Dentro da família real britânica, regras e tradições ditam desde os comportamentos até o guarda-roupa. Entre esses protocolos ocultos, o uso do preto é tradicionalmente reservado para momentos de luto, sendo evitado no cotidiano em favor de tons vibrantes, que ajudam os membros da realeza a serem vistos facilmente pelo público.
No entanto, a Princesa Diana desafiou essa convenção ao longo de sua vida. Assim, transformou a cor proibida em uma afirmação visual de sua independência, especialmente após se separar do Príncipe Charles em 1992 (união que terminou oficialmente em divórcio em 1996).
A estilista Dame Zandra Rhodes relembrou à revista Hello! que, no início, as restrições reais barravam os desejos de moda de Lady Di. “Ela era muito tímida”, contou Rhodes, explicando que a então princesa visitava sua loja em Mayfair e se interessava por peças pretas. Para respeitar as normas da Coroa, a grife confeccionava os modelos no tamanho de Diana, mas em tecidos de outras cores.

Os looks pretos de Lady Di
Ainda assim, o flerte com o tom proibido começou cedo. Isso porque, em março de 1981, logo após o anúncio do noivado e antes do casamento em julho, Diana ignorou a regra não escrita e usou um vestido preto assinado por David e Elizabeth Emanuel em seu primeiro compromisso público oficial, um concerto beneficente.
A verdadeira virada estética aconteceu quando ela se libertou dos laços institucionais. O designer Jacques Azagury, que vestiu Diana em suas produções mais audaciosas no fim da vida, revelou no podcast “A Right Royal Podcast” que a princesa passou a usar preto “sempre que queria” pós-separação.

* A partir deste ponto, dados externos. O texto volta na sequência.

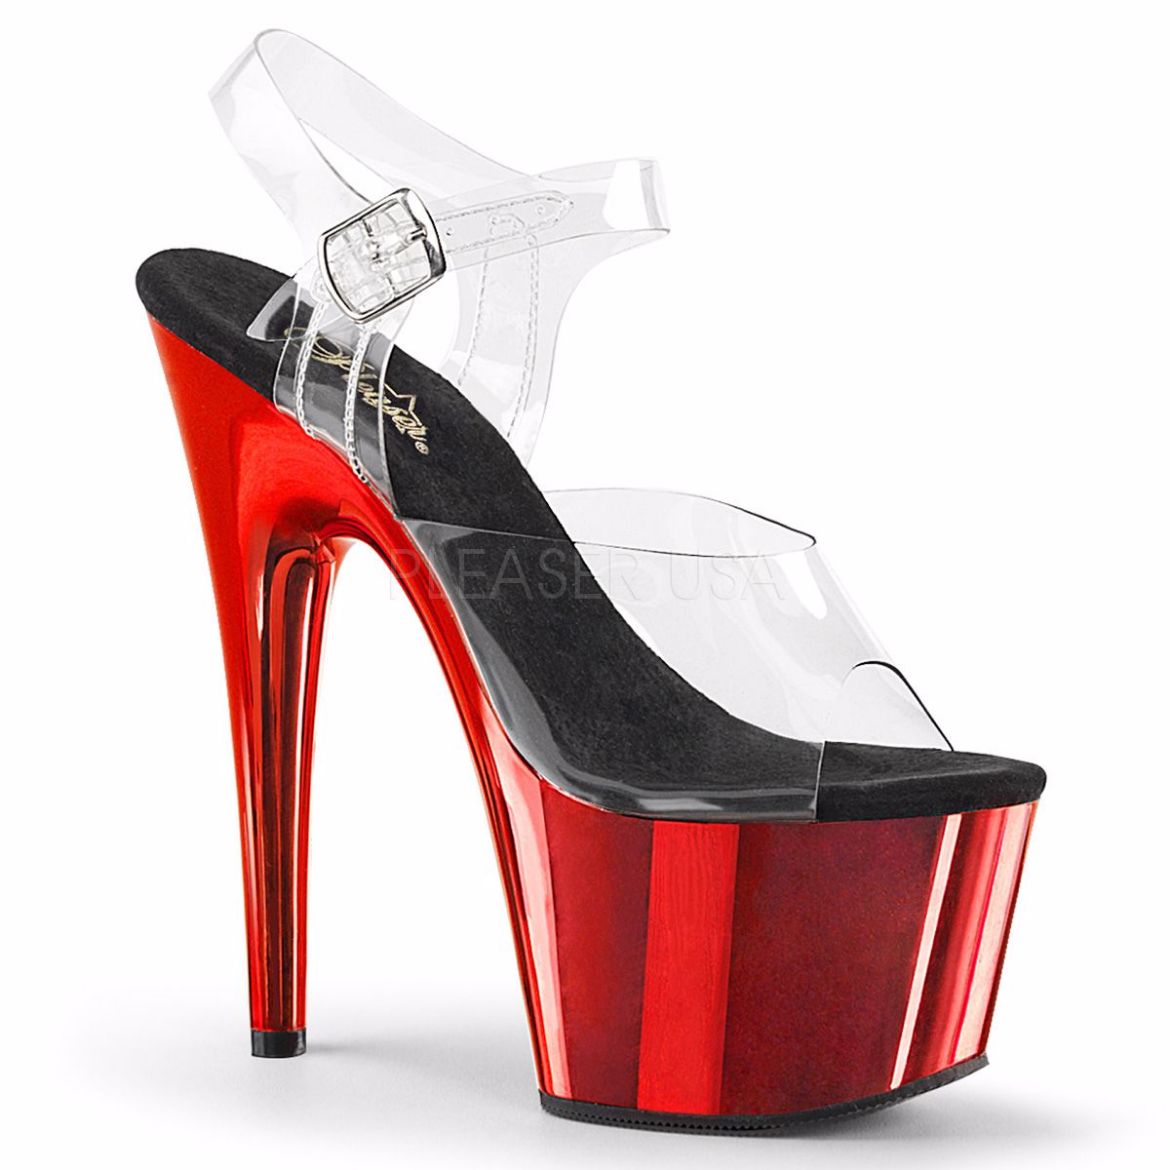 Product image of Pleaser Adore-708 Clear/Red Chrome, 7 inch (17.8 cm) Heel, 2 3/4 inch (7 cm) Platform Sandal Shoes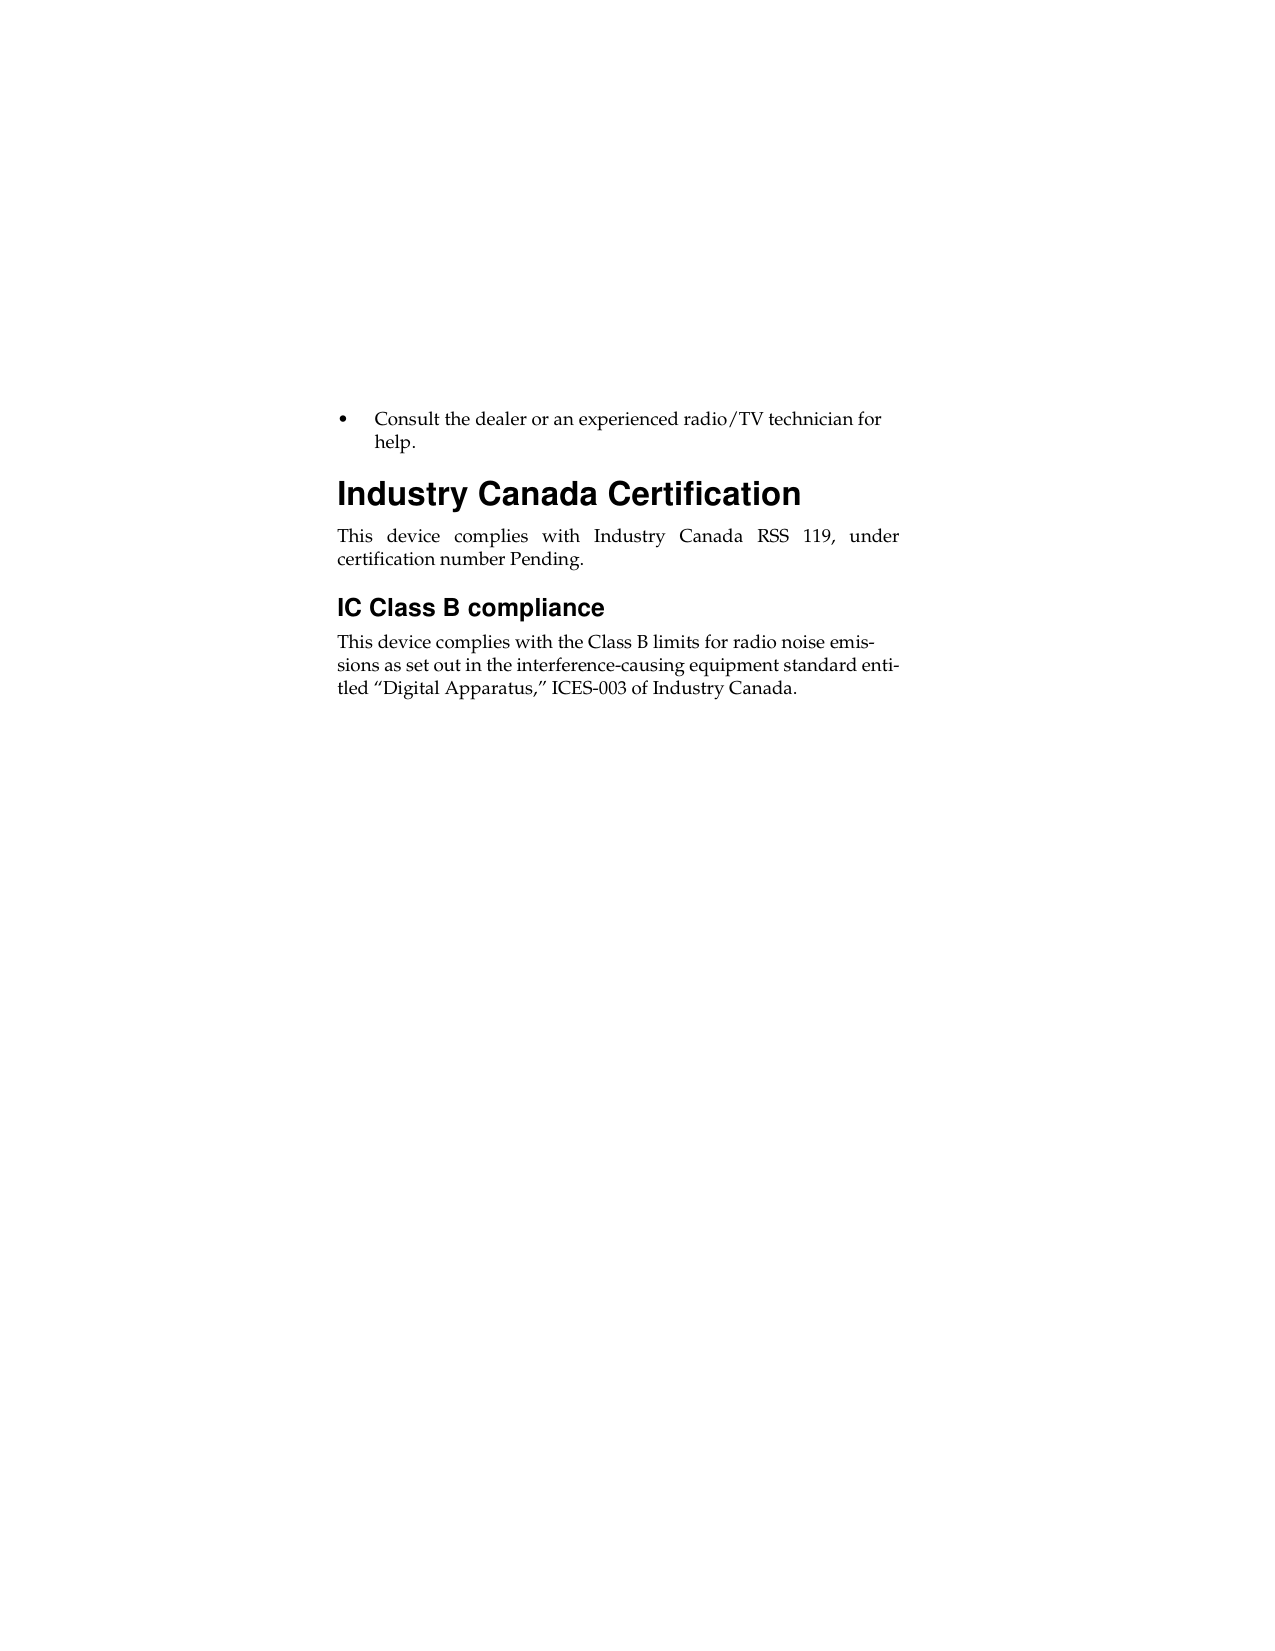 • Consult the dealer or an experienced radio/TV technician for help.Industry Canada CertificationThis device complies with Industry Canada RSS 119, undercertification number Pending.IC Class B complianceThis device complies with the Class B limits for radio noise emis-sions as set out in the interference-causing equipment standard enti-tled “Digital Apparatus,” ICES-003 of Industry Canada.

Além do icônico “Vestido da Vingança” de junho de 1994, Azagury relembrou os bastidores de um marcante visual de novembro de 1995. Naquela mesma noite, ia ao ar sua polêmica entrevista ao programa Panorama, da BBC. Ciente do impacto, Diana o chamou ao palácio em busca de um look avassalador para comparecer a um evento beneficente contra o câncer na mesma data.
“Levei três vestidos para ela, todos pretos, porque eu a adorava de preto”, revelou Azagury, pontuando que, a partir de meados dos anos 1990, ela usou a cor o máximo possível. Esse mesmo modelo de Azagury cruzou o Atlântico e foi usado por Diana em um evento com Henry Kissinger, em Nova York.
“No dia seguinte, todos os jornais traziam fotos de Henry Kissinger olhando para o decote dela. Nós demos boas risadas com isso”, divertiu-se o estilista. Quase três décadas após sua trágica morte em Paris, em 31 de agosto de 1997, a força fashion e a presença de Diana continuam inabaláveis.